━━━━━ The data
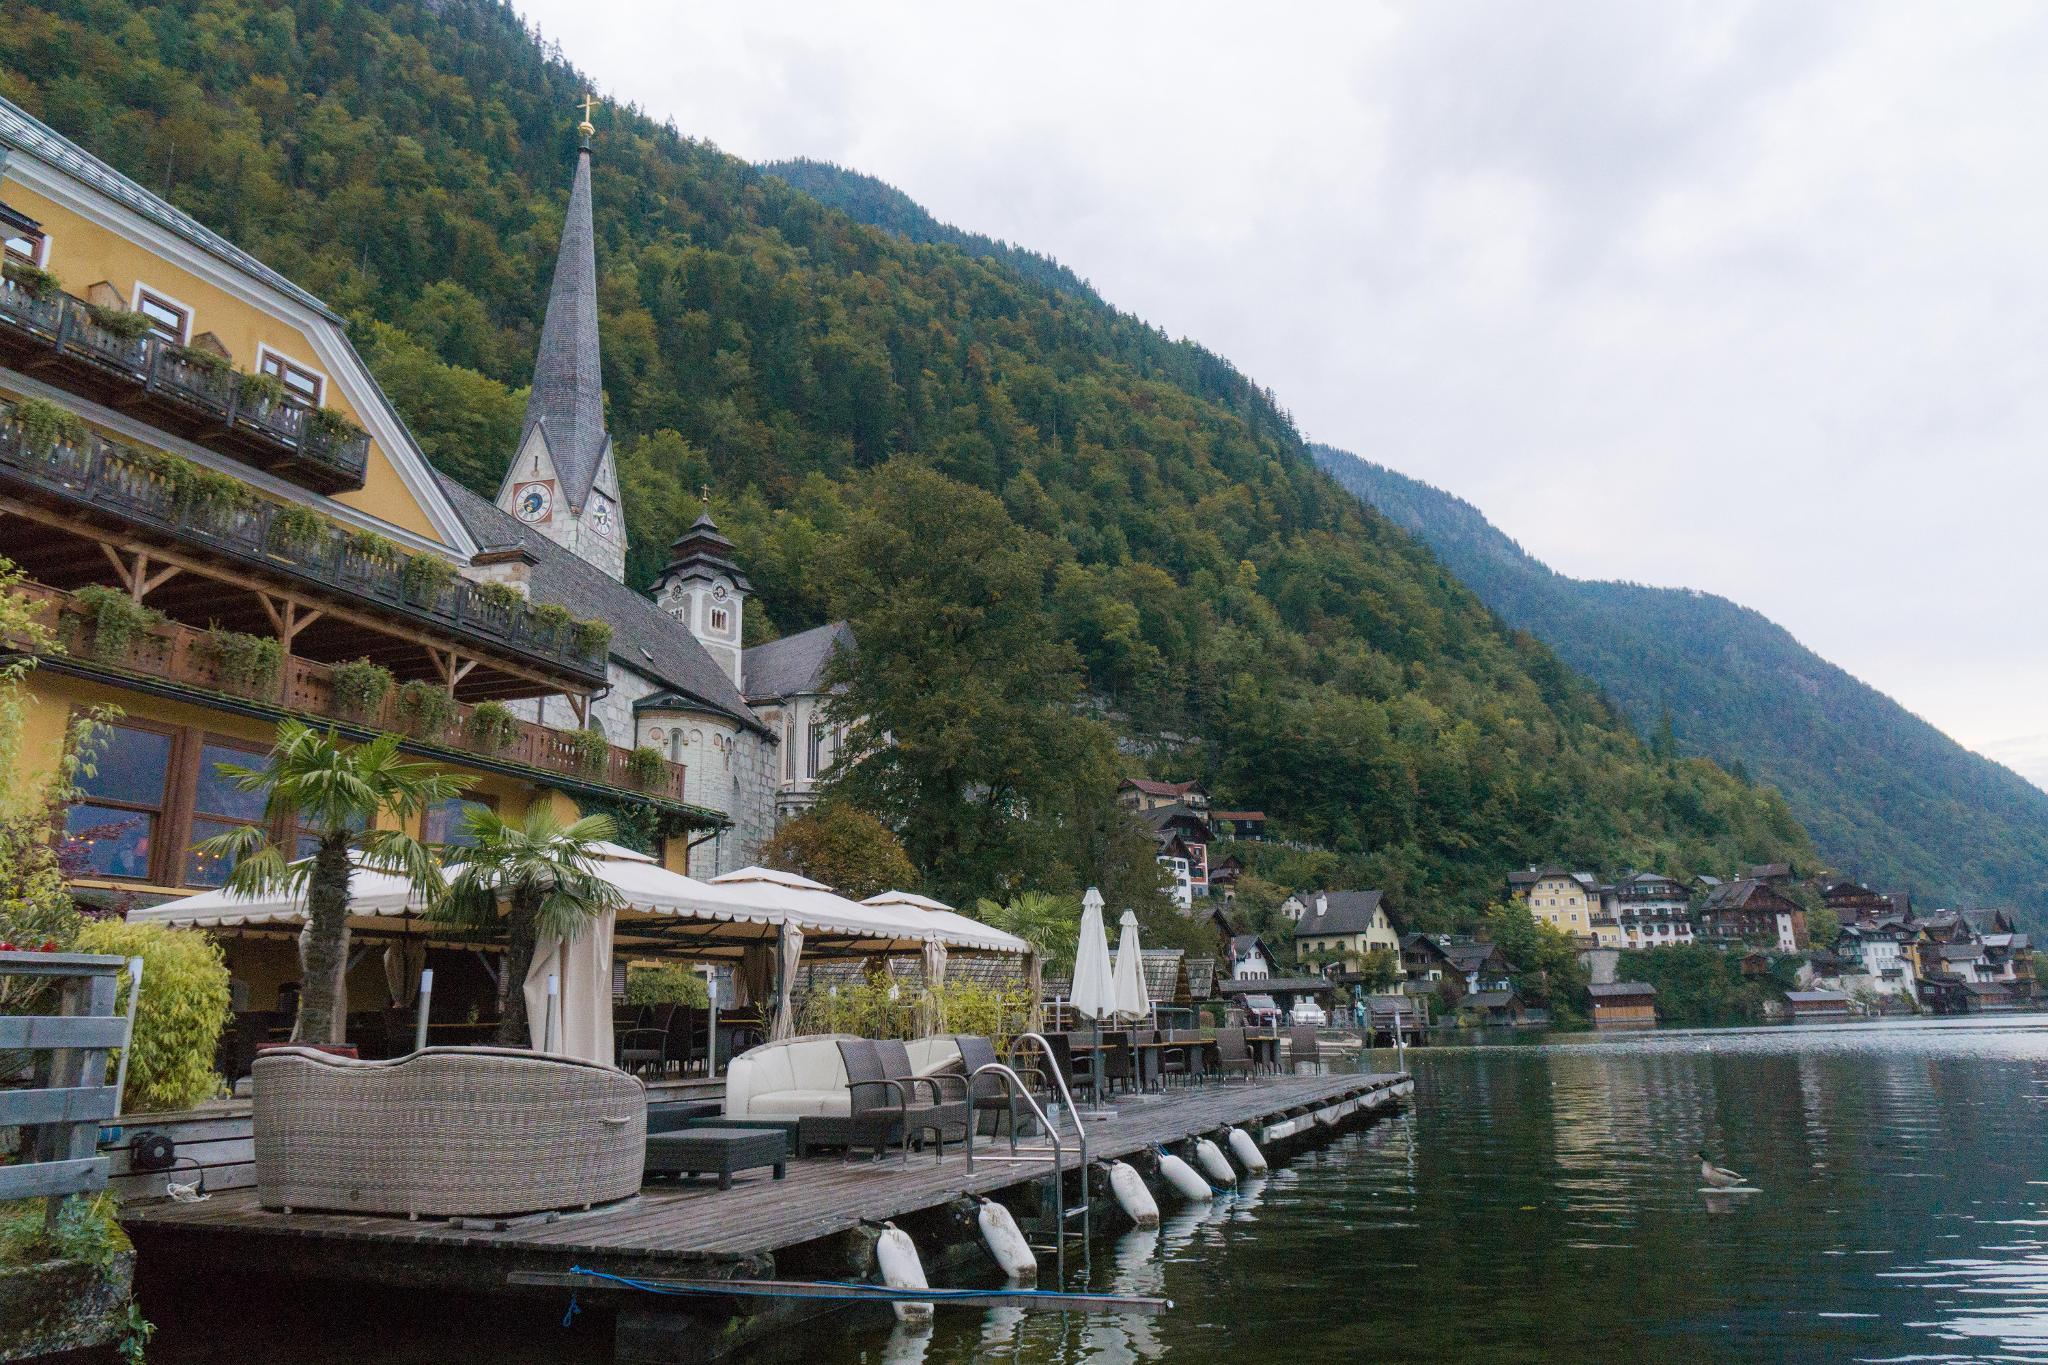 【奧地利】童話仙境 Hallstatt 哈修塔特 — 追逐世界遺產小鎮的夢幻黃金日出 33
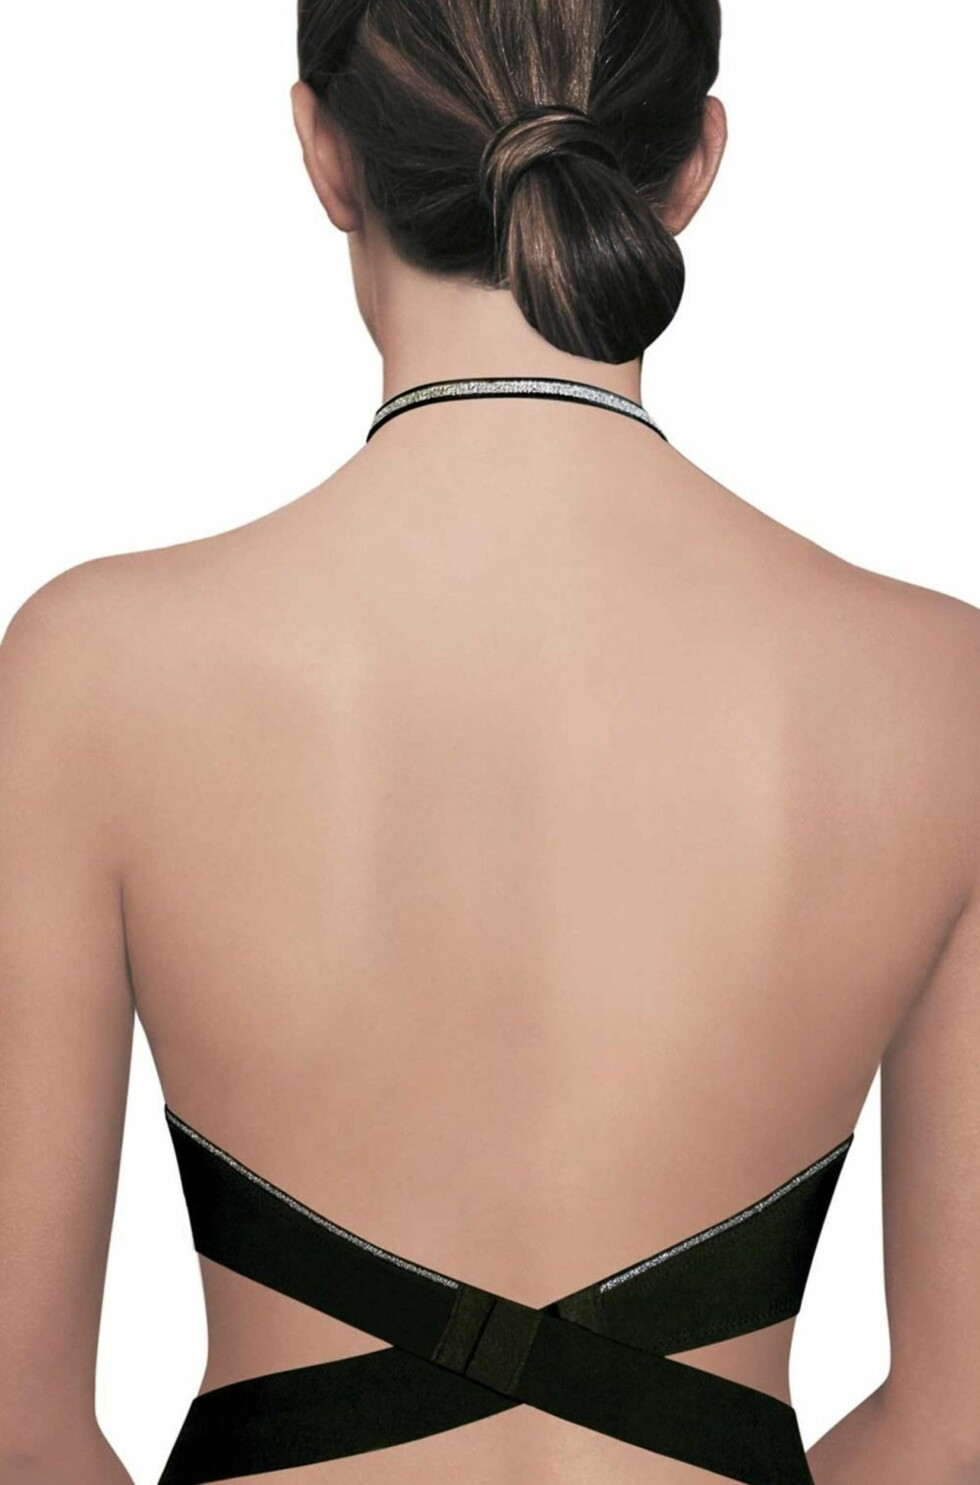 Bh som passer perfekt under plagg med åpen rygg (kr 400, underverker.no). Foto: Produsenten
━━━━━━━━━━
━━━━━ The data
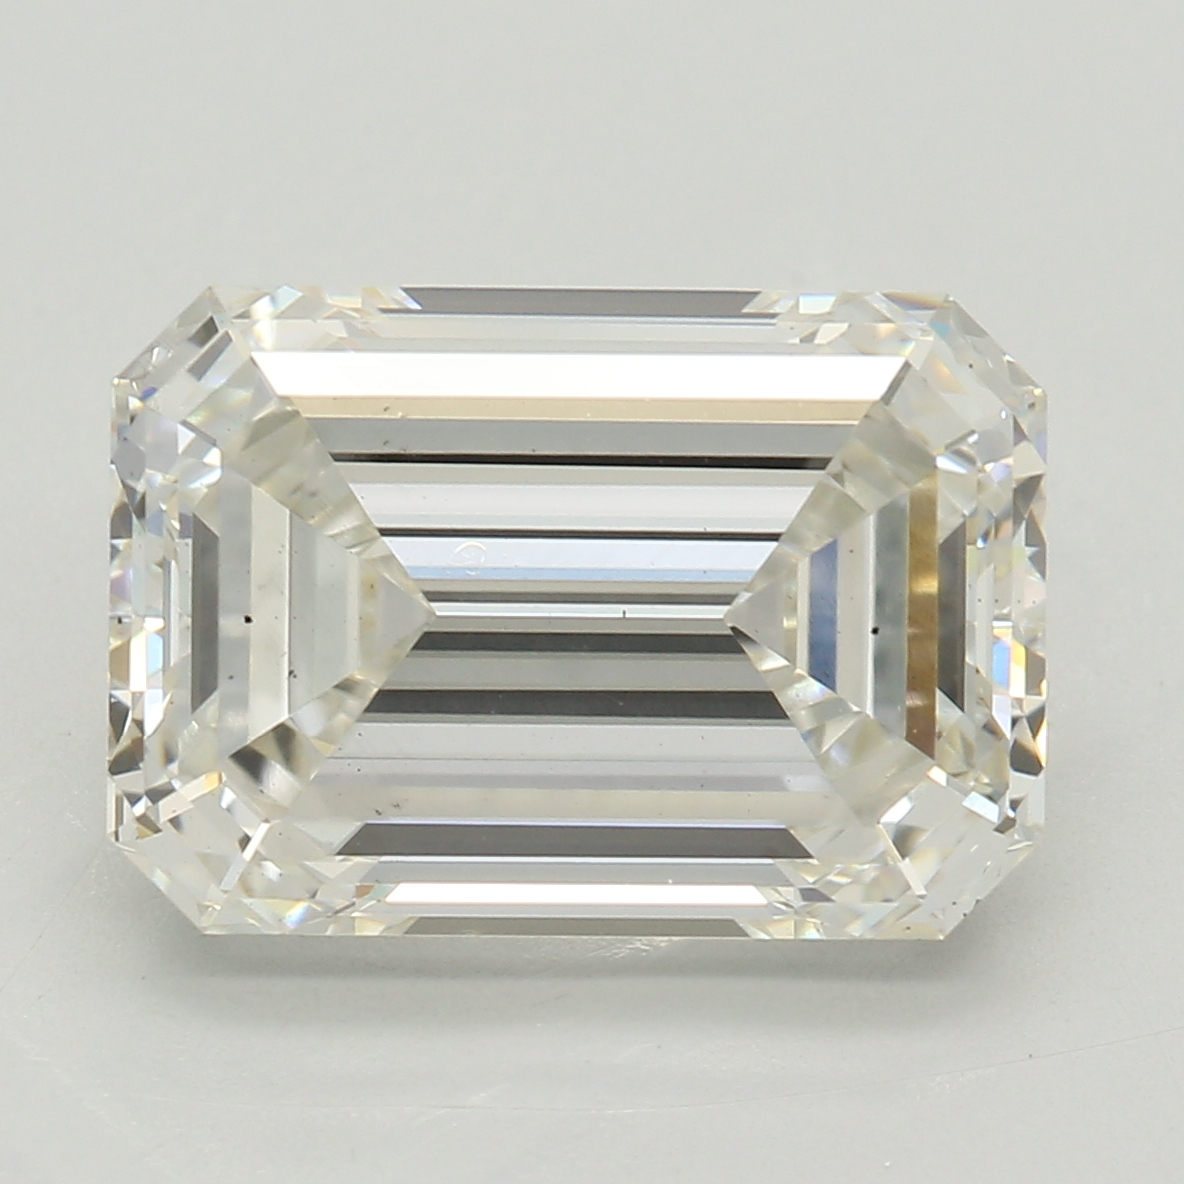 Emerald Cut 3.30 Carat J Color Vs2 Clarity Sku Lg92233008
━━━━━━━━━━
Reproduce, exactly and only, the lines of the records above starting at the line with "哈修塔特 — 追逐世界遺產小鎮的夢幻黃金日出 33" and ending at the line with "Bh som passer", both included. Leave every picture out.

 【奧地利】童話仙境 Hallstatt 哈修塔特 — 追逐世界遺產小鎮的夢幻黃金日出 33
 Bh som passer perfekt under plagg med åpen rygg (kr 400, underverker.no). Foto: Produsenten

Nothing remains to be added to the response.